Lent is a time to remember. It is a time to “put back together” the broken pieces of the necessary, sustaining relationships with God and others within our very selves. Psalm 51, the Miserere, can guide us. The psalmist invites us to ask God for a clean heart and steadfast spirit. We ask God to breathe back into us the life that we deny when we exalt ourselves and fail to love God, our neighbors, and our lovingly created earth. When we accept the ever present offer of grace in the Spirit, the words of our mouths and deeds of our hands praise God.

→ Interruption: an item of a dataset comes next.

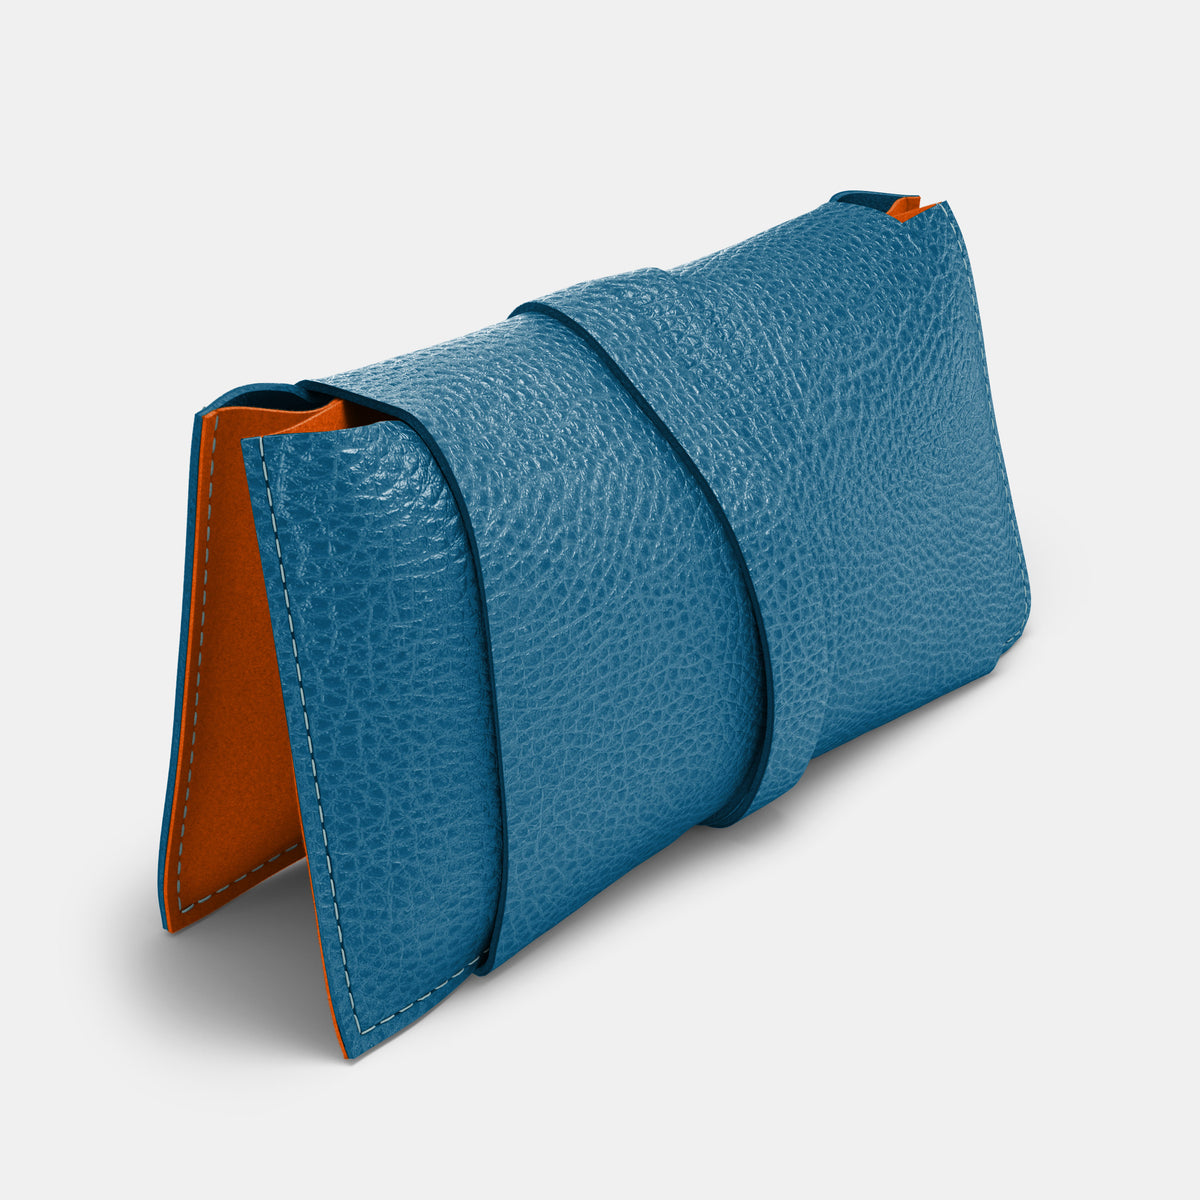 Cable Bag - Turquoise and Orange - RYAN London

The title of Pope Francis’s encyclical Laudato si’, highlights this praise in the context of integral ecology, by which we learn of our interdependence upon each other and our biotic and abiotic partners in this common patrimony. Francis notes that, “Admittedly, Christians have not always appropriated and developed the spiritual treasures bestowed by God upon the Church, where the life of the spirit is not dissociated from the body or from nature or from worldly realities, but lived in and with them, in communion with all that surrounds us” (Francis, Laudato si’, n. 216). In this Lenten season let us remember and be remembered by God through the Spirit:
Come Holy Spirit, fill the hearts of your faithful and kindle in them the fire of your love. Send forth your Spirit and they shall be created. And You shall renew the face of the earth.